Cornel West Calls Biden 'Architect Of Mass Incarceration' During 1990s
Progressive activist and scholar Cornel West, who is running a third-party presidential campaign, blamed the crack epidemic-era crime bill President Joe Biden pushed as a senator for the mass incarceration of Black people.
“Well, I think you’ll think Joe Biden contributed to a crime against humanity when he became the architect of the mass incarceration regime in the 1990s,” West told The New York Post in an interview, referring to the Violent Crime Control and Law Enforcement Act of 1994.
“I’ve taught in prison for 41 years. And the level of barbarity in our prisons has something to do with that crime bill that he put forward,” said West, 70, a former professor at Yale, Princeton and Harvard who now teaches at Union Theological Seminary.
Former President Bill Clinton signed the crime bill that provided for 100,000 new police officers and allocated $9.7 billion for prisons and $6.1 billion for prevention programs, according to the U.S. Department of Justice.
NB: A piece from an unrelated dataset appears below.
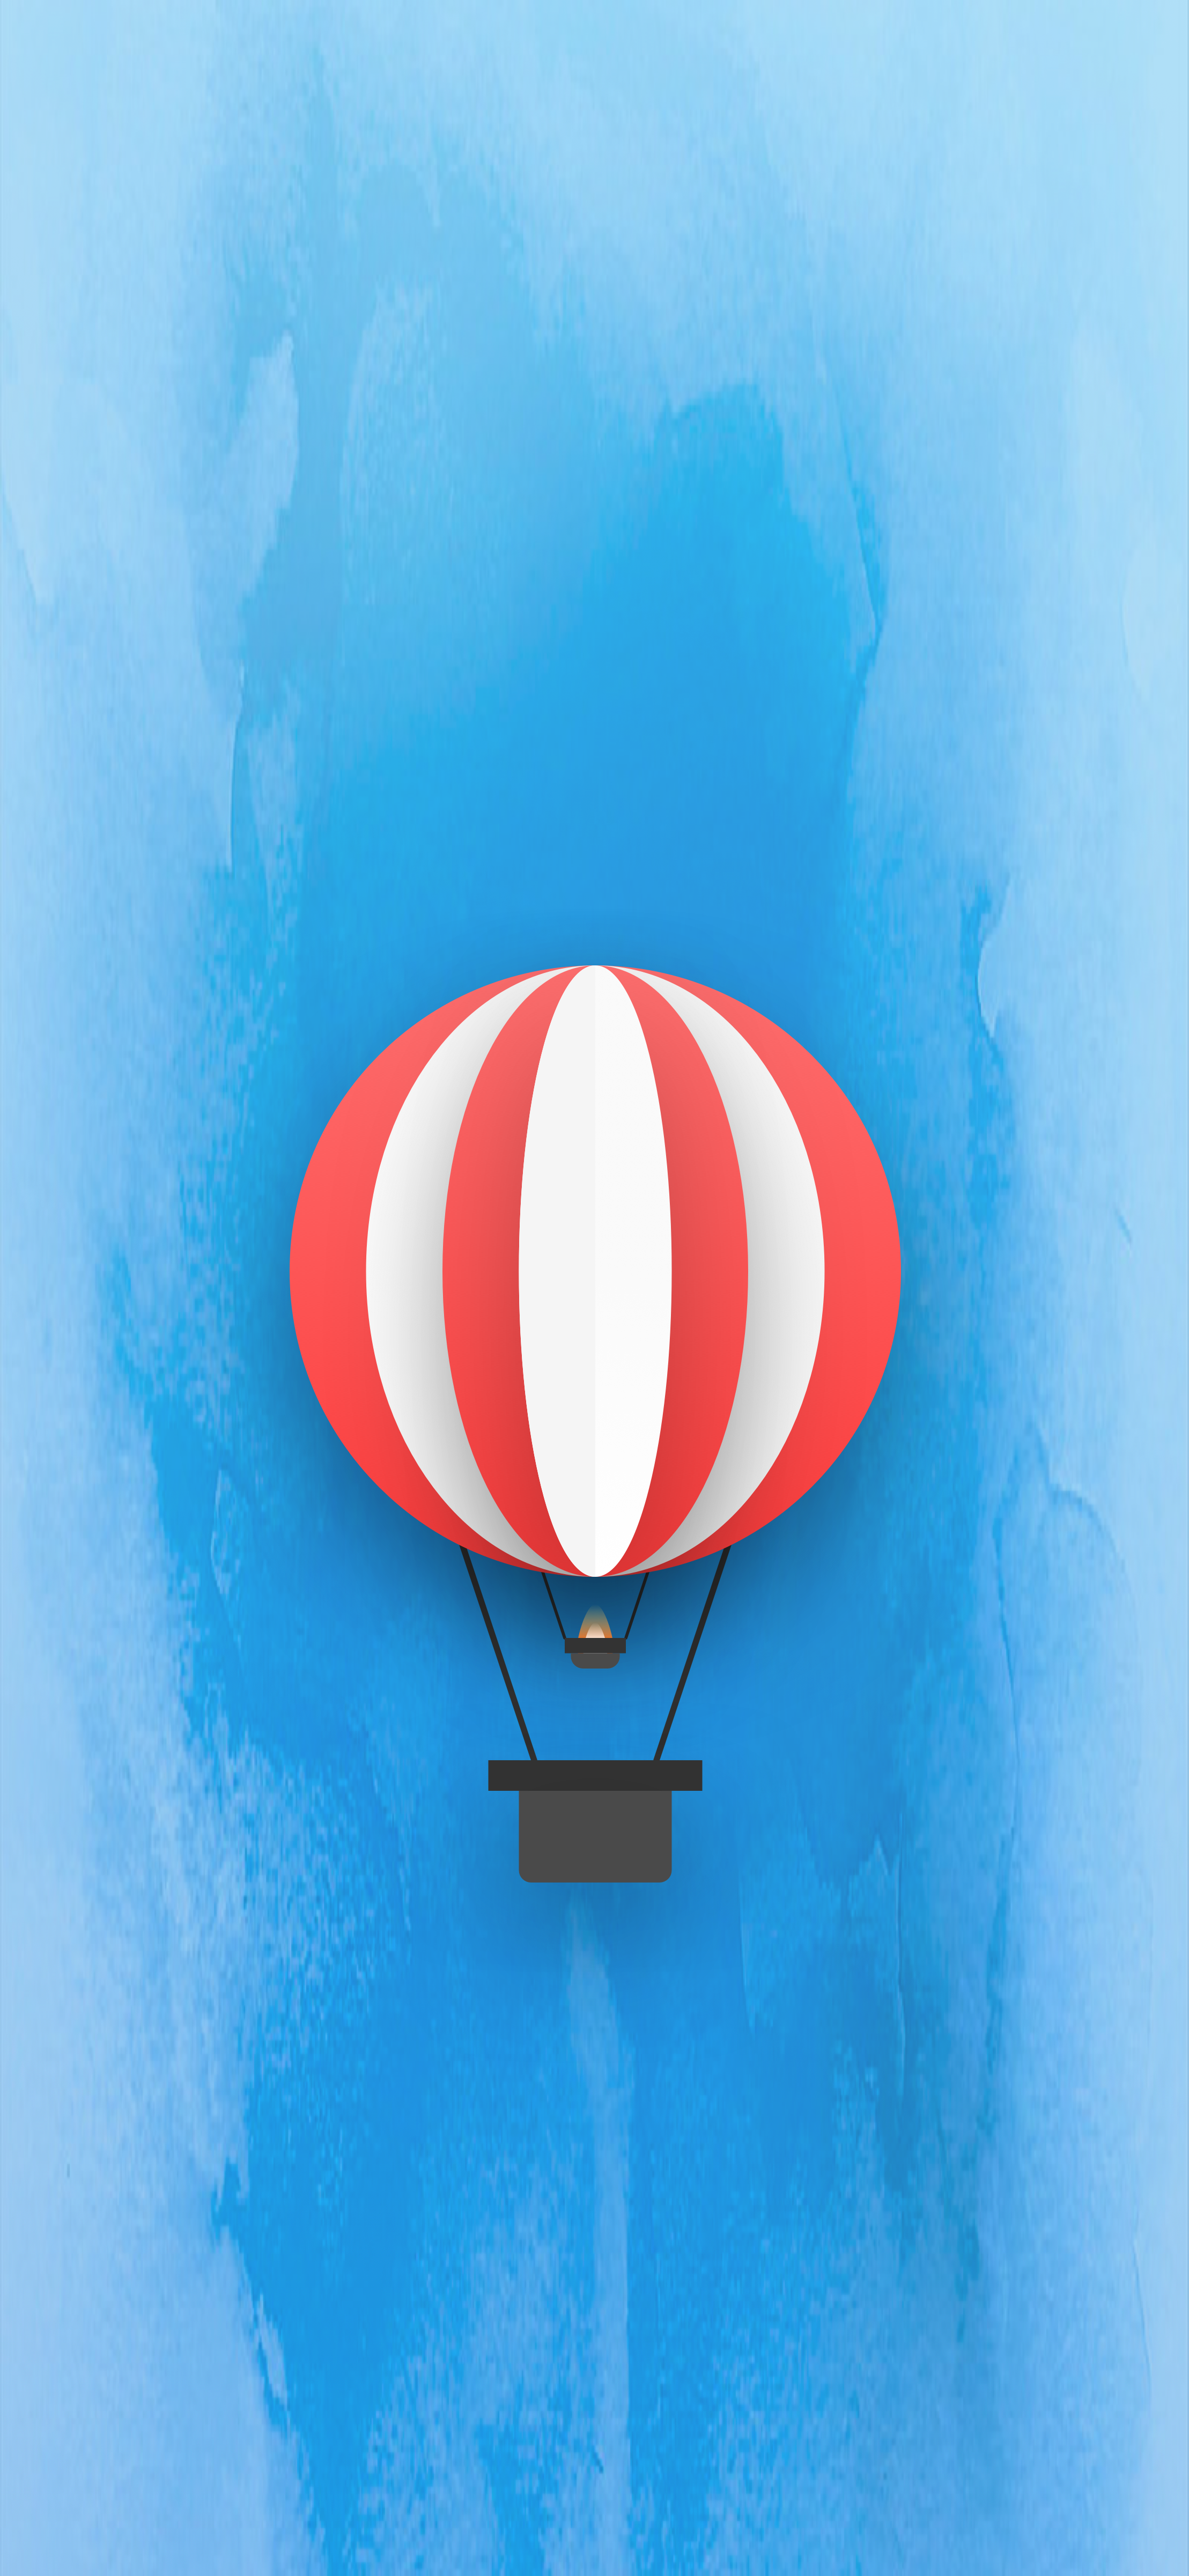 Hot Air Balloon iPhone Wallpaper

It’s the largest crime bill in the nation’s history.
Whether the legislation caused mass incarceration is a hotly debated issue. Stephen Ross Johnson, a board member of the National Association of Criminal Defense Lawyers and past president of the Tennessee Association of Criminal Defense Lawyers, told USA Today in 2020 that it is "over simplistic" to say the 1994 crime bill led to mass incarceration. Johnson said the 1994 crime bill was “a link in the chain” of federal legislation that goes back to the late 1960s and early 1970s in the war on drugs.
During his presidential campaign in 2019, Biden apologized for portions of his anti-crime legislation and has downplayed his involvement in pushing the bill through Congress, The New York Times reported in 2019. Biden said he “got stuck with” guiding the legislation because he chaired the Senate Judiciary Committee at that time. However, The Times’ investigation found that his “current characterization of his role is in many ways at odds with his own actions and rhetoric.”
In 2019, the Biden campaign sent a statement to The Times that said the then-presidential candidate had “fought to defeat systemic racism and unacceptable racial disparities for his entire career,” and that he “believes that too many people of color are in jail in this country.”
In the statement, Biden vowed as president to “fight to put an end to mandatory minimums, private prisons and cash bail, and he would support automatic expungement for marijuana offenses because he believes no one should be in jail for marijuana.”
West announced his 2024 presidential bid on June 5 as a candidate with the People’s Party. On June 13, West announced that he’s seeking the Green Party nomination “in the spirit of a broad United Front and coalition strategy,” he tweeted.
He continued his attack on Biden giving him a lackluster grade for his performance, saying that “Black folks are low priority” to the president and even alluded to doubts of Biden’s ability to hold office.
“It’s very clear that his cognitive powers are in decline,” said West.
Democratic strategist David Axelrod, a former senior adviser to former President Barack Obama, warned that West’s campaign could help former President Donald Trump return to the White House for a second term in office.
“In 2016, the Green Party played an outsized role in tipping the election to Donald Trump. Now, with Cornel West as their likely nominee, they could easily do it again. Risky business,” Axelrod tweeted.